次の例では、メモのサイズが100エントリに達したら、最も古いエントリを削除します。

public class FibonacciSequence {
    private static LoadingCache<Integer, BigInteger> memo = CacheBuilder.newBuilder()
      .maximumSize(100)
      .build(CacheLoader.from(FibonacciSequence::getFibonacciNumber));

    public static BigInteger getFibonacciNumber(int n) {
        if (n == 0) {
            return BigInteger.ZERO;
        } else if (n == 1) {
            return BigInteger.ONE;
        } else {
            return memo.getUnchecked(n - 1).add(memo.getUnchecked(n - 2));
        }
    }
}

ここでは、 getUnchecked メソッドを使用します。このメソッドは、チェックされた例外をスローせずに存在する場合に値を返します。
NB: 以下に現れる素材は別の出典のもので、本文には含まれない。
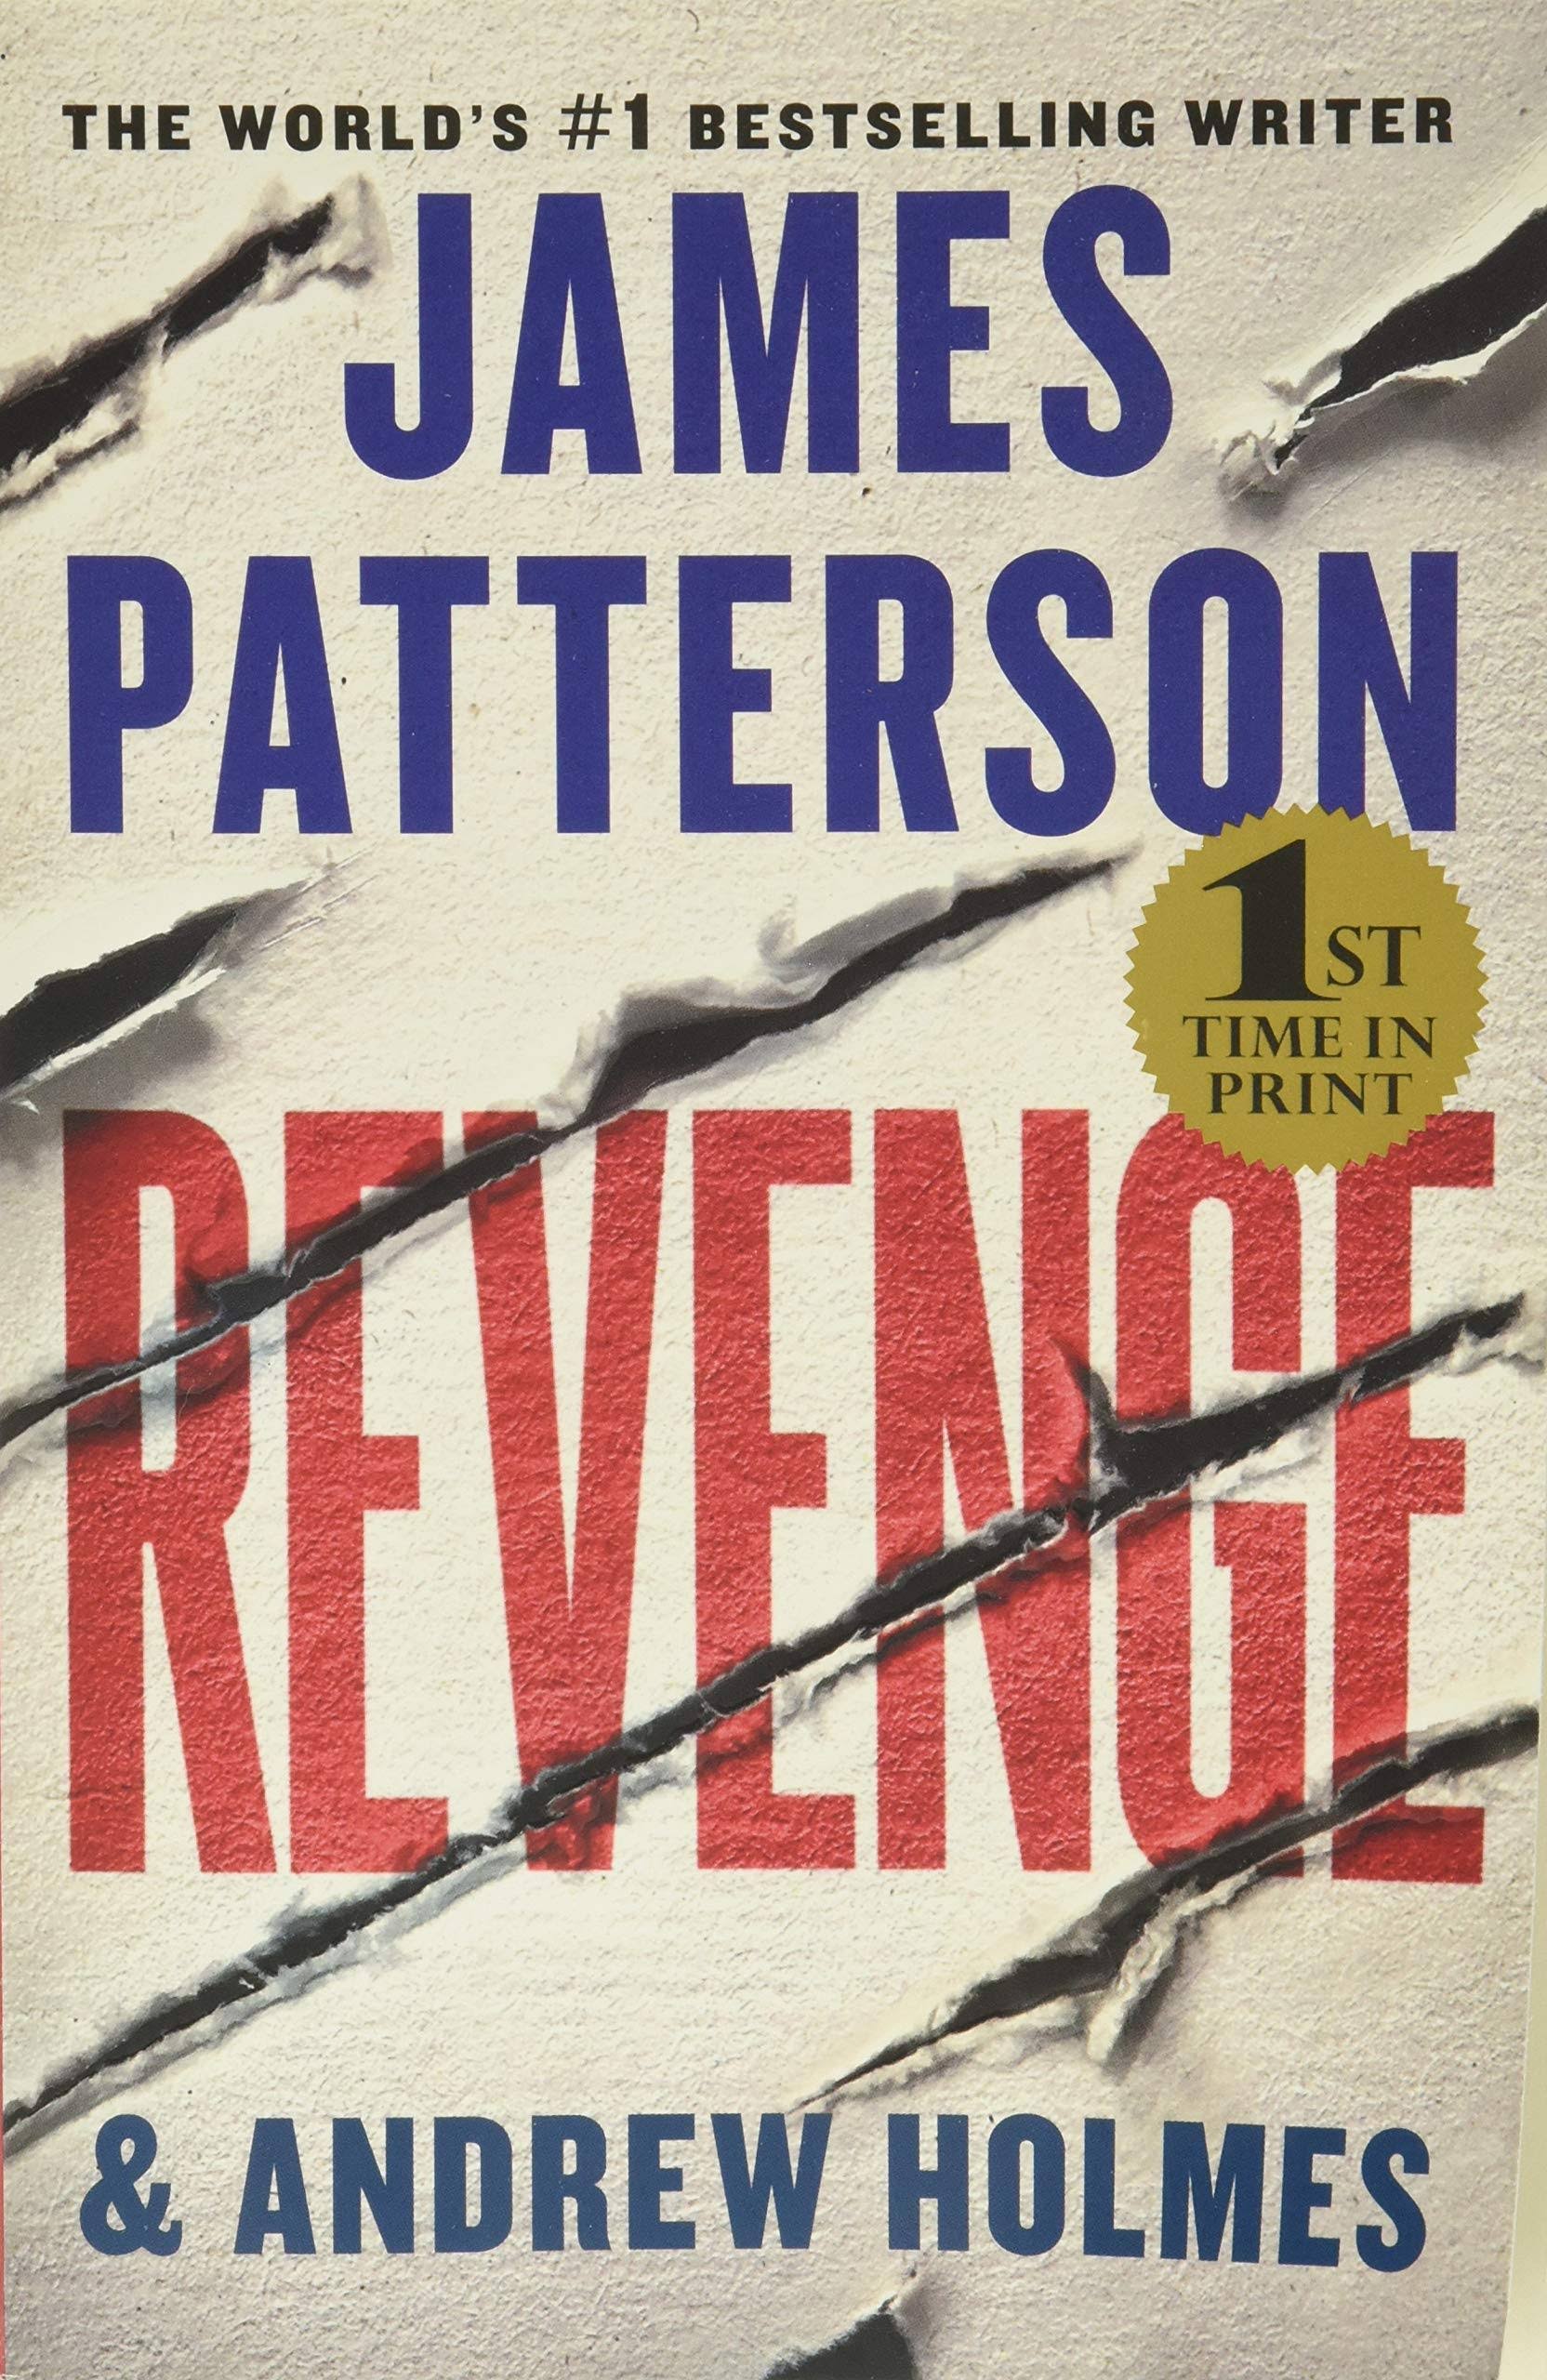 Revenge by James Patterson

この場合、CacheLoaderfromメソッド呼び出しでgetFibonacciNumber メソッド参照を指定するときに、例外を明示的に処理する必要はありません。

詳細については、Javadocを参照してください。

3.3. 階乗の例

次に、指定された入力値nの階乗を計算する別の再帰メソッドがあります。

public static BigInteger getFactorial(int n) {
    if (n == 0) {
        return BigInteger.ONE;
    } else {
        return BigInteger.valueOf(n).multiply(getFactorial(n - 1));
    }
}

メモ化を適用することで、この実装の効率を高めることができます。

public class Factorial {
    private static LoadingCache<Integer, BigInteger> memo = CacheBuilder.newBuilder()
      .build(CacheLoader.from(Factorial::getFactorial));

    public static BigInteger getFactorial(int n) {
        if (n == 0) {
            return BigInteger.ONE;
        } else {
            return BigInteger.valueOf(n).multiply(memo.getUnchecked(n - 1));
        }
    }
}

4. 結論

この記事では、Guavaがサプライヤーおよび関数メソッドのメモ化を実行するためのAPIをどのように提供するかを見てきました。 また、メモリにストアド関数の結果のエビクションポリシーを指定する方法も示しました。

いつものように、ソースコードはGitHubにあります。